Studentenprotest vor dem Parlament in Jakarta am 23.09.2019; Foto: Reuters
Medial nur einseitig gespiegelt : Indonesiens Studenten demonstrierten Ende September vor allem gegen eine Entmachtung der in der Bevölkerung außerordentlich großes Vertrauen genießenden Antikorruptionsbehörde, aber auch gegen repressive Paragraphen des geplanten neuen Strafgesetzbuches, zu denen unter anderem der Paragraph zu außerehelichem Sex gehört, gegen die verheerenden Waldbrände auf Sumatra und Borneo, gegen die Militarisierung in Papua, die Verfolgung von Aktivisten und gegen vieles mehr.

Auch für die FAZ sah es bis zu den angeblich anti-islamistischen Protesten aus, als würde in Indonesien "endgültig der Islamismus triumphieren" – also Acehs Scharia-Gesetze, gar Steinigungen in ganz Indonesien? Weit gefehlt, aber warum sich um einen differenzierten Blick auf Fakten kümmern, wenn die Beschwörung apokalyptischer Dramatik so viel befriedigender ist für Wahrnehmungsgewohnheiten, die zu simplen Schwarz-Weiß-Extremen tendieren?

Es ist erstaunlich, dass Korrespondenten vor Ort oder in der Region oft so wenig mitbekommen, worum es den Menschen auf der Straße wirklich geht. Die Studenten demonstrieren vor allem gegen eine Entmachtung der in der Bevölkerung außerordentlich großes Vertrauen genießenden Antikorruptionsbehörde, aber auch gegen repressive Paragraphen des geplanten neuen Strafgesetzbuches, zu denen unter anderem der Paragraph zu außerehelichem Sex gehört, gegen die verheerenden Waldbrände auf Sumatra und Borneo, gegen die Militarisierung in Papua, die Verfolgung von Aktivisten und gegen vieles mehr.

Dichotomisches Weltbild

Dabei entbehrt es nicht einer gewissen Ironie, dass ausgerechnet die Frankfurter Allgemeine Zeitung, für die sonst die Nachrichten aus dem muslimischen Indonesien gar nicht alarmistisch genug sein können, nun zu wissen meinte: "Indonesiens Bevölkerung wehrt sich massiv gegen die staatliche Durchsetzung des Islamismus". Damit lag sie vollkommen daneben, denn gegen "Islamismus" oder "Scharia" gehen die Studenten nicht auf die Straße (und um eine "staatliche Durchsetzung des Islamismus" geht es übrigens auch nicht).
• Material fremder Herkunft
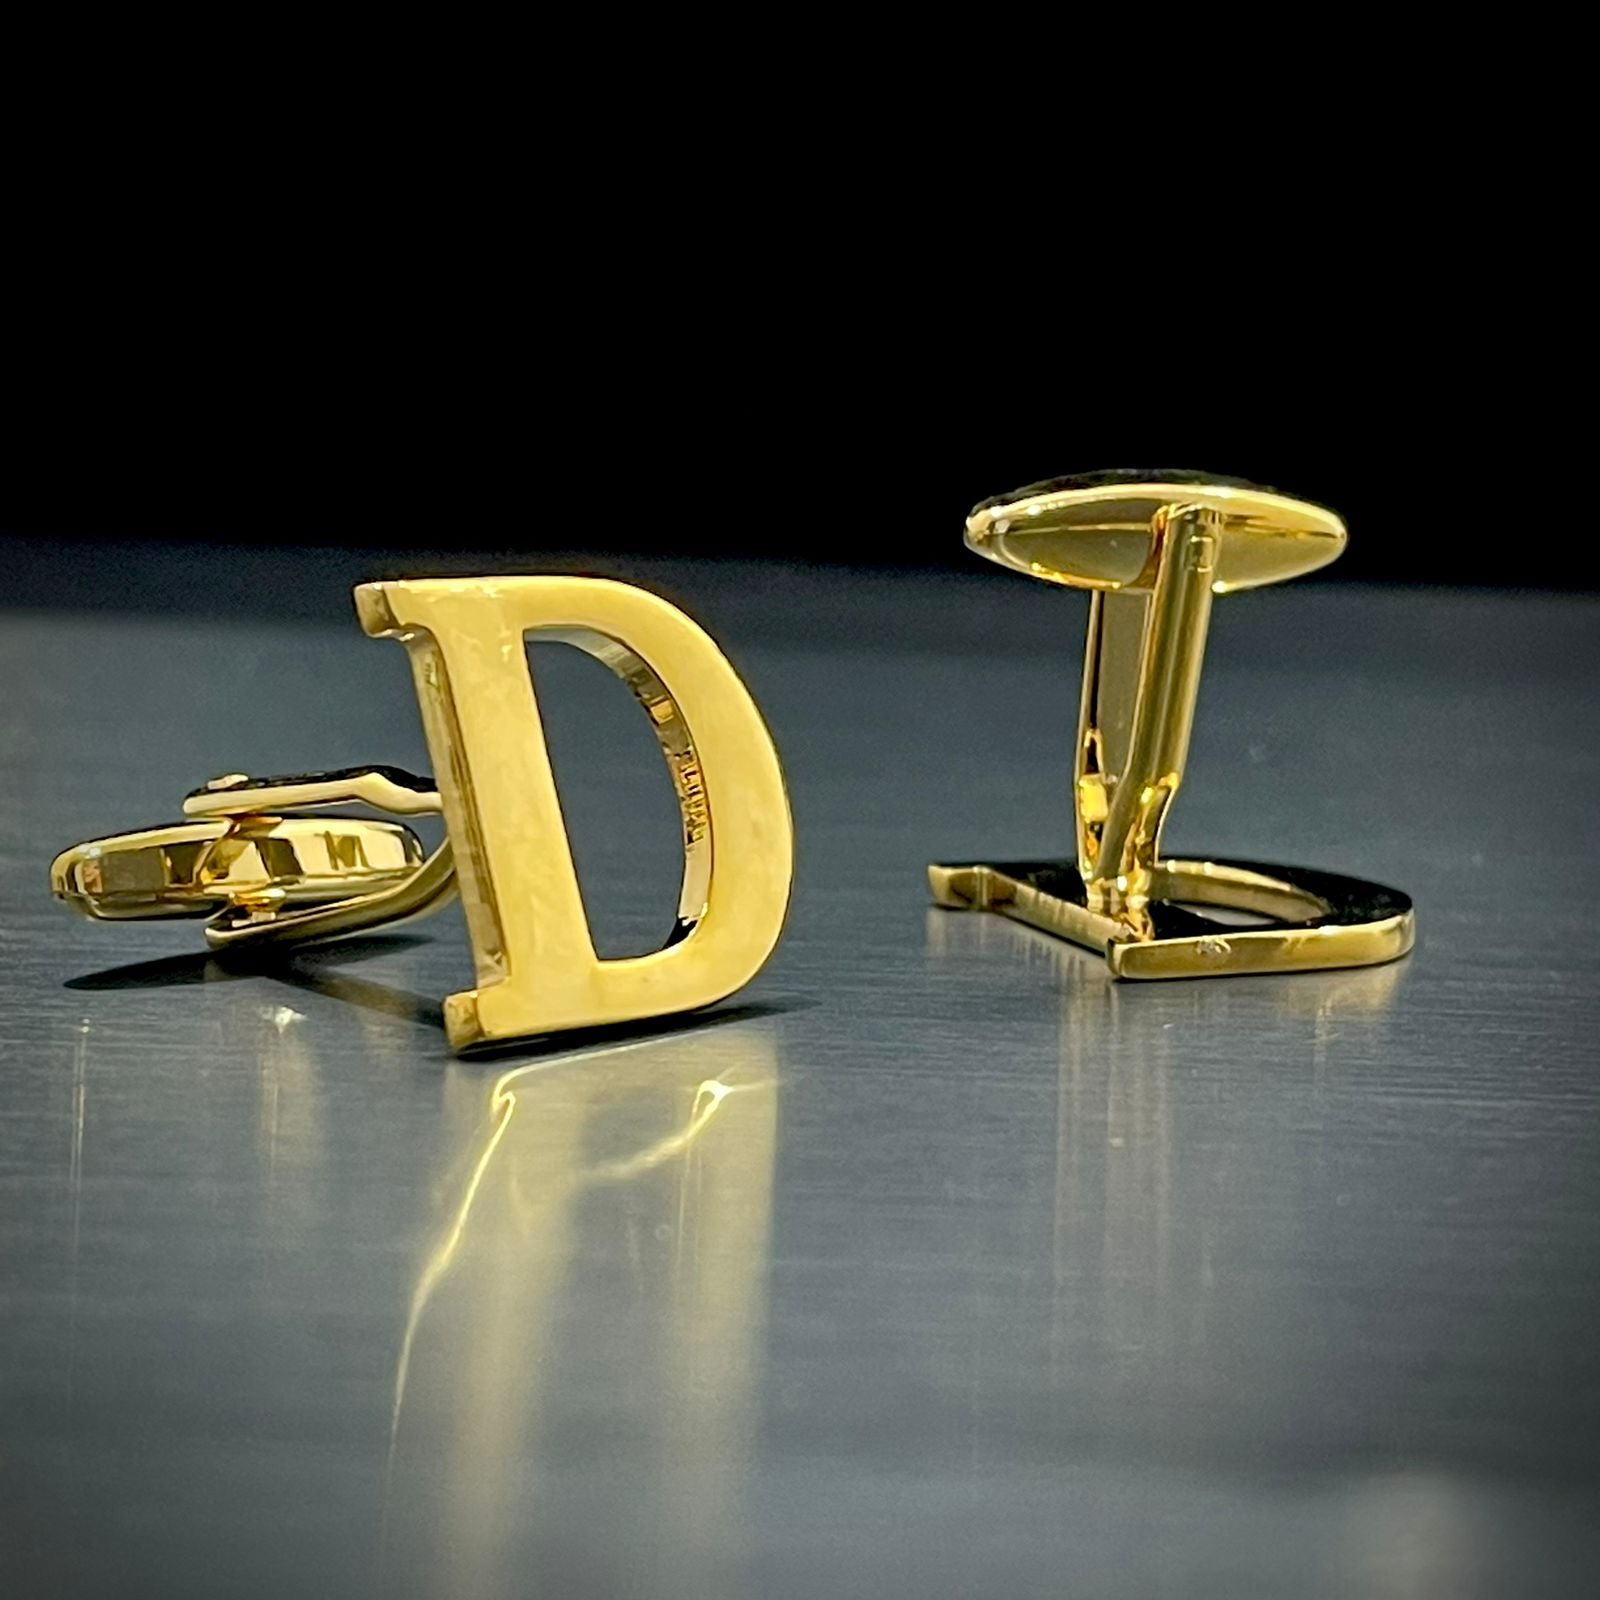 D Letter Alphabet Name Initial Golden Cufflinks For Men Online In Pakistan

Diese verzerrte, oft faktisch falsche Berichterstattung macht vor allem eines deutlich: Ein Blick auf muslimische Länder, der reflexhaft alles in ein Wahrnehmungsschema zwingt, das nur noch einen Kampf zwischen "Säkularen" (die "wie wir" sind) und "Islamisten" kennt, wird für das Verstehen lokaler gesellschaftlicher Prozesse schnell blind und sieht nur noch das, was seinen Befürchtungen oder Hoffnungen entspricht.

So auch nun in Indonesien: Es geht bei den Protesten nicht um (vom Westen ersehnten) Widerstand gegen Islamismus, sondern um einen quer durch alle ideologischen Lager geteilten massiven Vertrauensverlust in die politischen Institutionen und ihre korrupten Vertreter.

Auch in muslimisch geprägten Ländern geht es nicht immer nur um Islam, es gibt noch ganz andere Probleme, die den Menschen manchmal wichtiger sind, auch wenn sich westliche Medien das anscheinend kaum vorstellen können.